The way they'd apparently like to see it done is no planning, no prep, no financial forecasts. Then at the end of 2009 if an extension happens, and the CF has to pull 2500 troops out of our collective butts with no planning, prep and training for those soldiers for their deployment, the NDP can again "support their troops."

They'll do that by yelling and screaming about how the government is deploying all these 'extended mission' personnel with no training, no notice and at the last minute. You see things like this justify their existance. If they weren't whining about the military somehow they just wouldn't be the NDP.


----------



## observor 69 (20 Feb 2007)

Iraq dogs Afghan mission
Feb 20, 2007 04:30 AM 
James Travers 

OTTAWA - Here's a puzzler with life, death and election consequences. Question: What's more threatening to Canada's Kandahar mission than the expected Taliban spring offensive? Answer: Confusing the war in Afghanistan with the war in Iraq.

The reason rests squarely on modern reality. Troops sent abroad must constantly look over their shoulders at public opinion at home.

Wars fought by democracies are struggles for not one but two sets of hearts and minds. Soldiers can't beat the formidable odds against them without convincing skeptical voters along with suspicious locals that the interlopers are there to help.

Iraq is an instructive example. Even in the embarrassing absence of weapons of mass destruction, toppling Saddam Hussein could have justified the misadventure if the U.S. hadn't so quickly morphed from solution to problem.

From the careless early failure to provide Iraqis with security and life's basics to the grotesque Abu Ghraib abuses and Saddam execution, the Bush administration consistently alienated its twin constituencies. Predictably, Iraqis turned to sectarian leaders for protection and Americans turned first against the war and then against George W. Bush.

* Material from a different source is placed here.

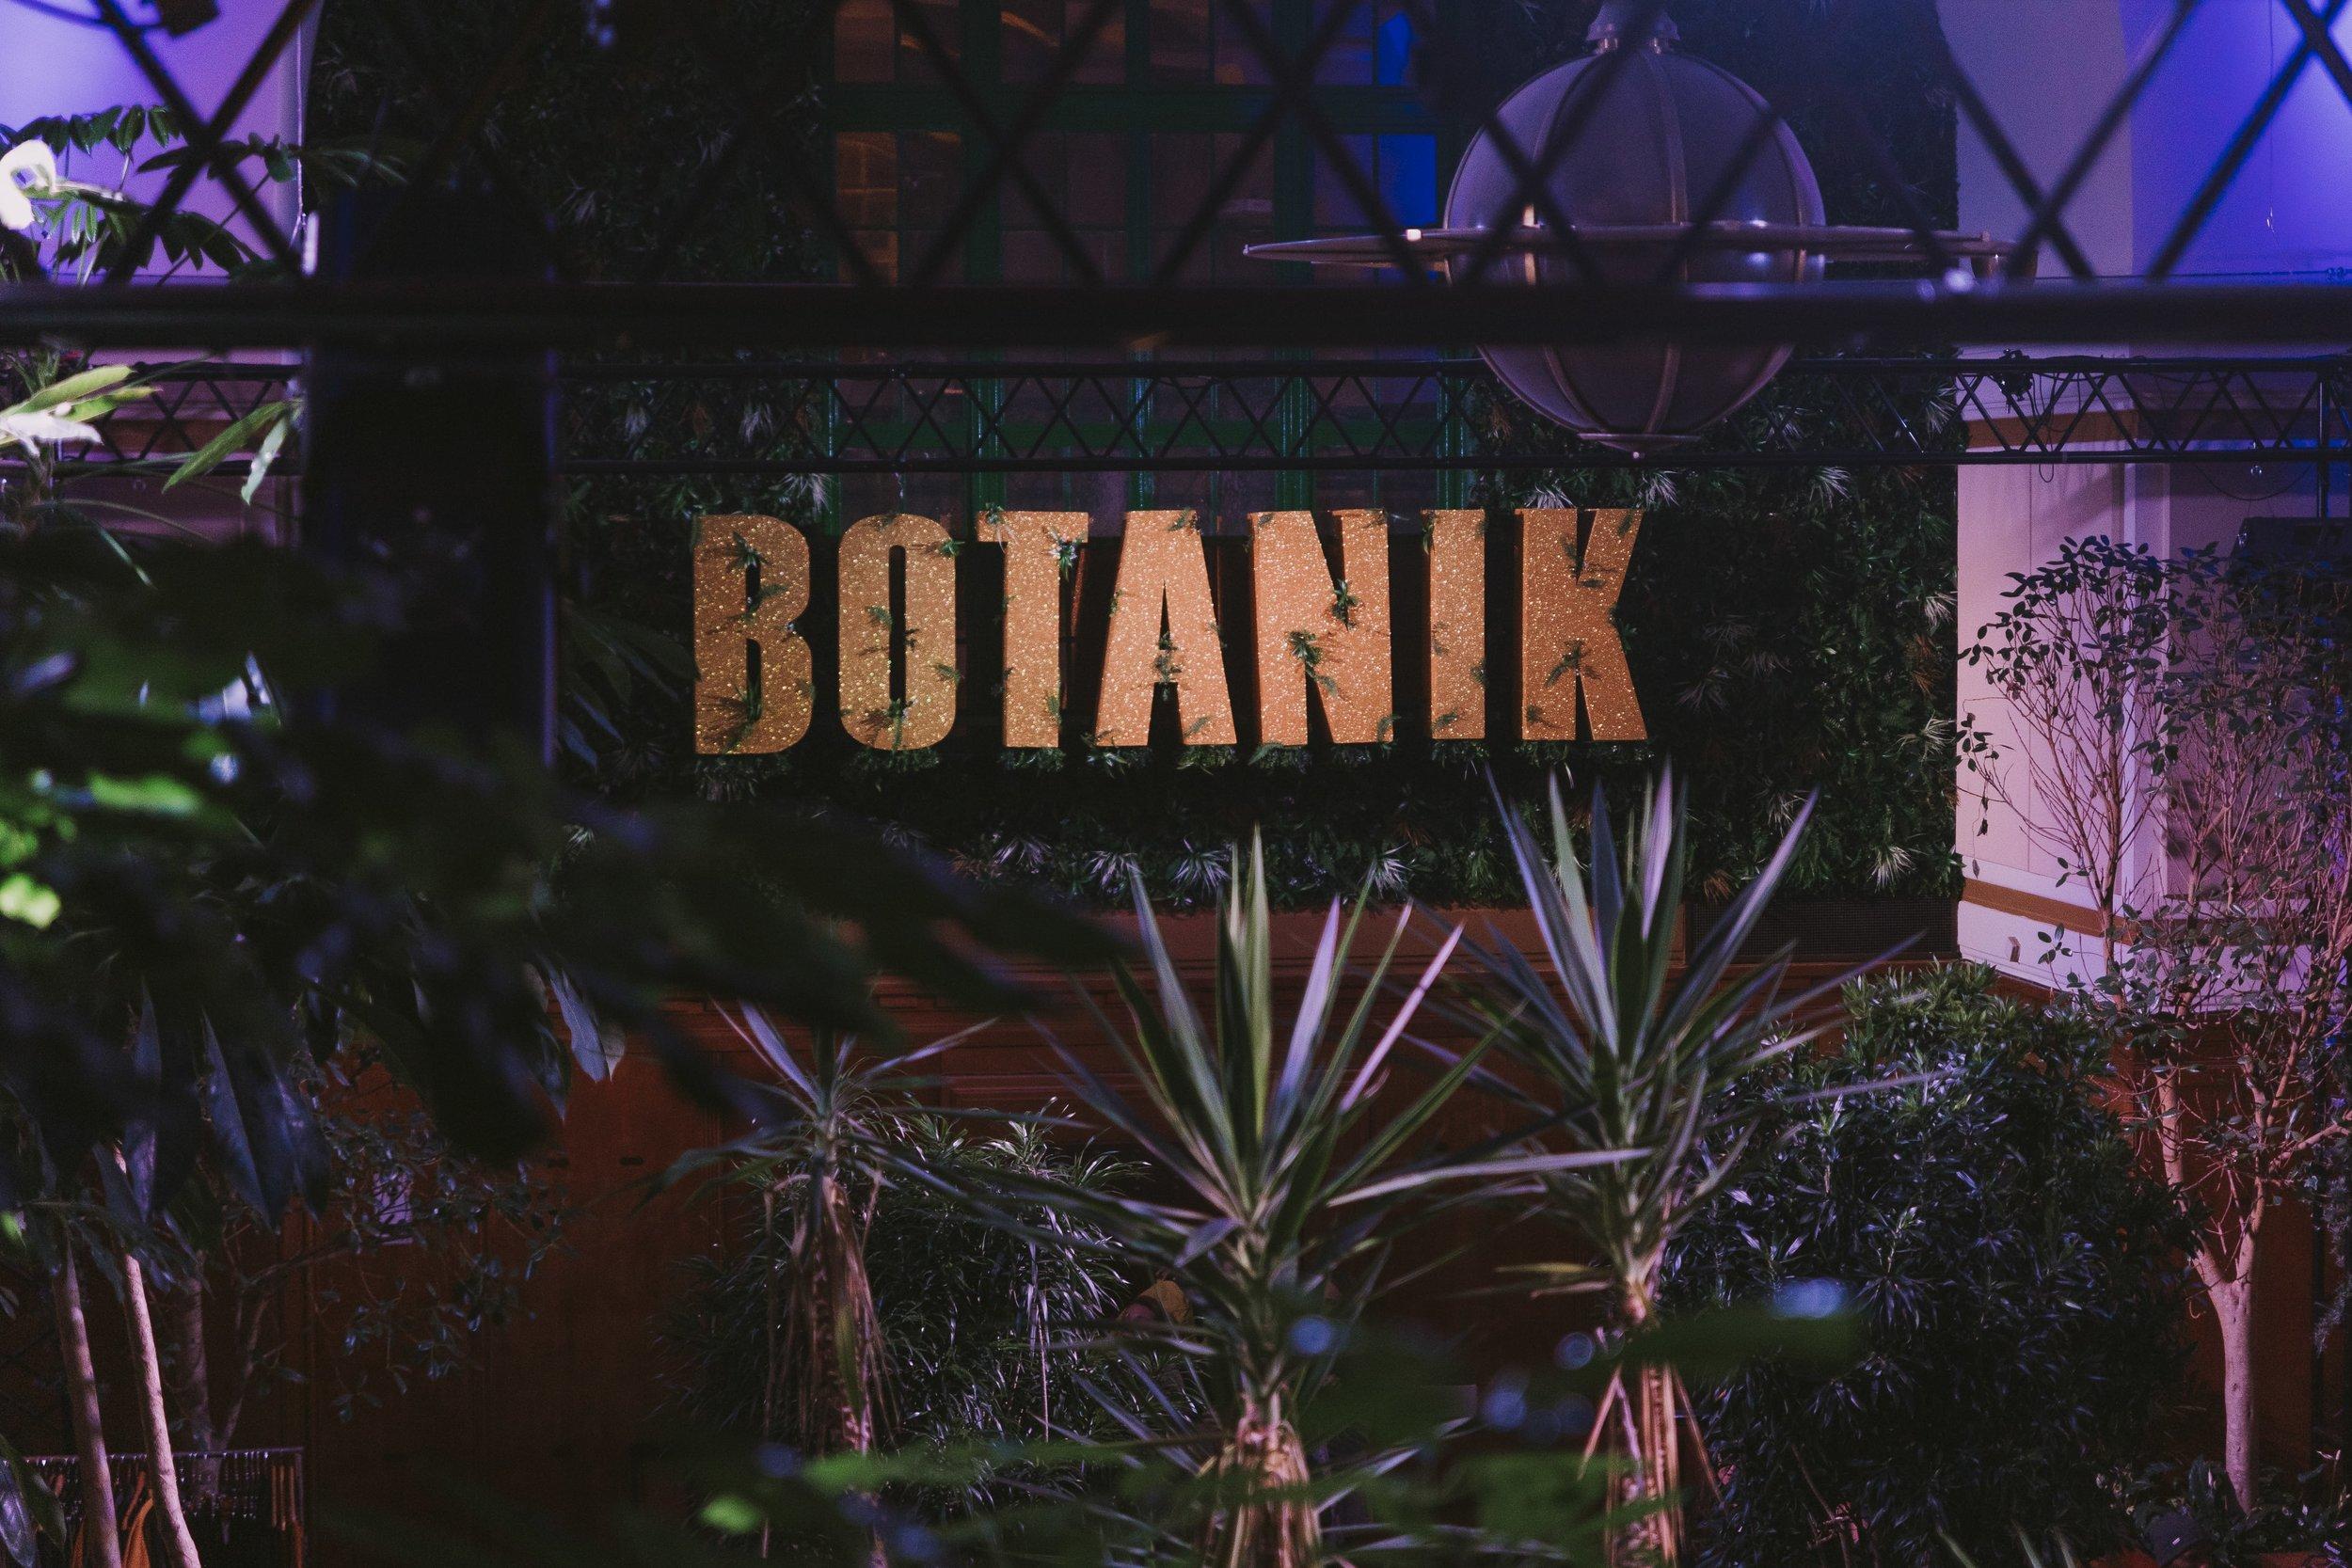 Botanik Social House_Belvedere_04-07-2019-22-min.jpg

More to follow: http://www.thestar.com/opinion/article/183408


----------



## wannabe SF member (20 Feb 2007)

I don't get it, are you saying that people here confuse our deployment in A-stan with Iraq ???


----------



## armyvern (20 Feb 2007)

Baden  Guy said:
			
		

> Iraq dogs Afghan mission
> Feb 20, 2007 04:30 AM
> James Travers
> 
> ...



Interesting that public opinion is vastly influenced by the Main Stream Media and their misleading articles/statements such as the one below from this exact same article:



> From the careless early failure to provide Iraqis with security and life's basics to the grotesque Abu Ghraib abuses and *Saddam execution*, the Bush administration consistently alienated its twin constituencies. Predictably, Iraqis turned to sectarian leaders for protection and Americans turned first against the war and then against George W. Bush.

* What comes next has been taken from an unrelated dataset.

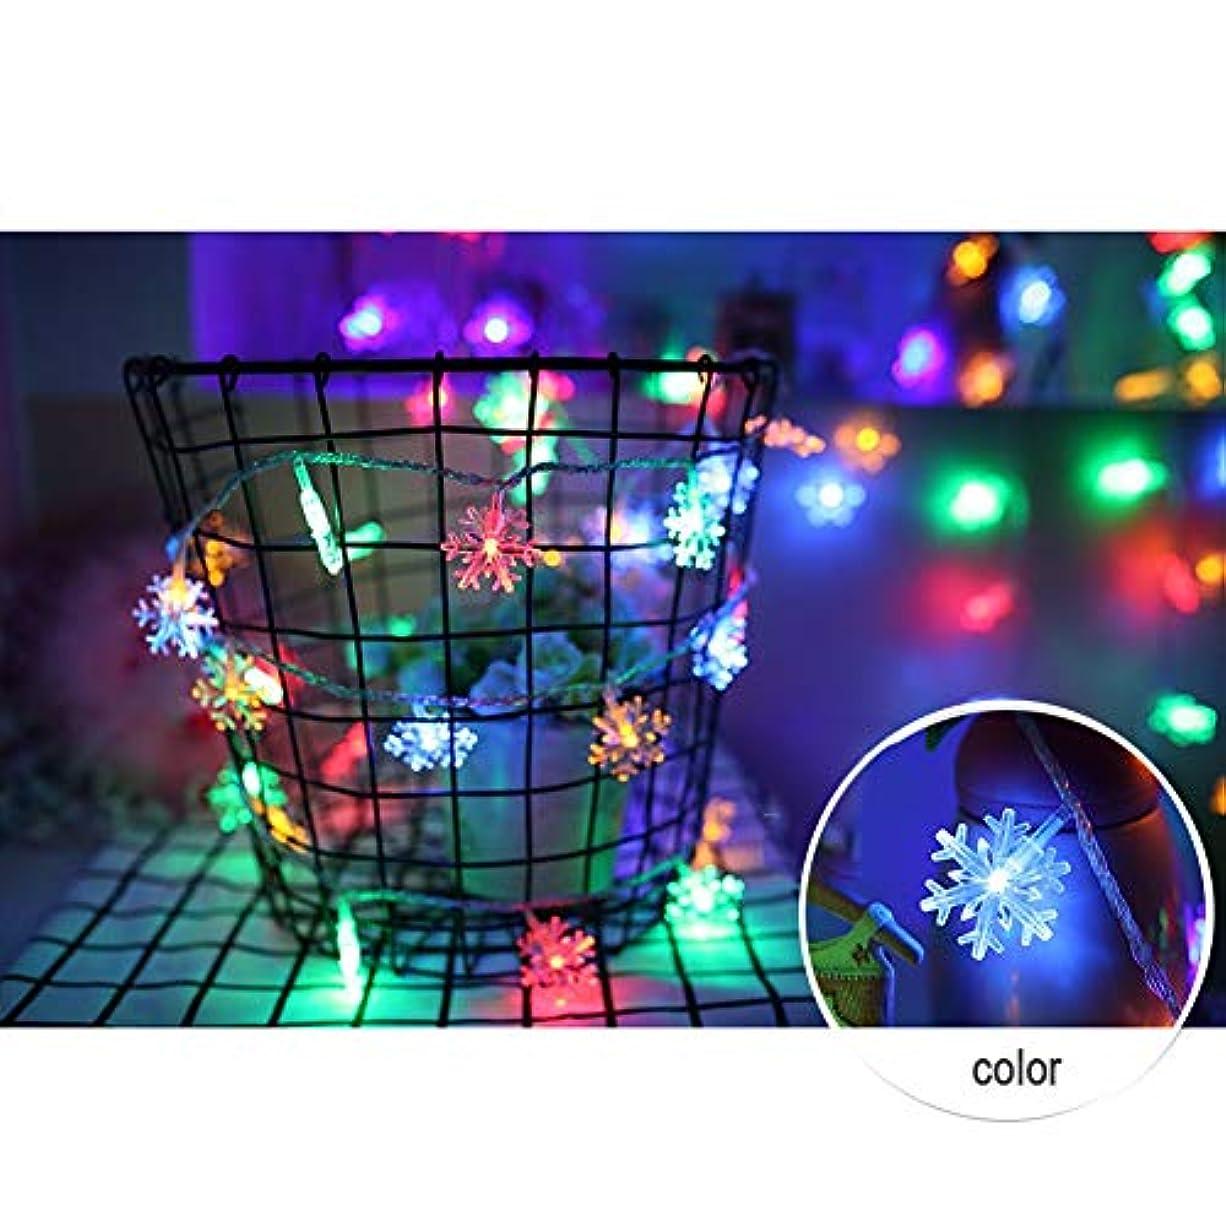 委員長疑い者とても電池式 ストリングライト - 防雨型 スノーフレークLEDイルミネ ーションライト ロマンチックな雰囲気を作る屋外用 ワイヤーライト イルミネーションライト、庭、パティオ、バルコニ、ークリスマス

Hmmm, interestingly enough (my emphasis above) the US actually tried to stop the *IRAQI judicial system * from proceeding with this execution. This article would lead one to perceive that it was the US who executed Mr. Hussein and that is absolutely false.

Yep, it's always the governments fault or failure/shortcomings of the military. When does the MSM start taking credit for their role in this with the inaccurate spins and outright fallacies which some of them unabashedly print and seem to be AOK?


----------



## observor 69 (20 Feb 2007)

Chawki Bensalem said:
			
		

> I don't get it, are you saying that people here confuse our deployment in A-stan with Iraq ???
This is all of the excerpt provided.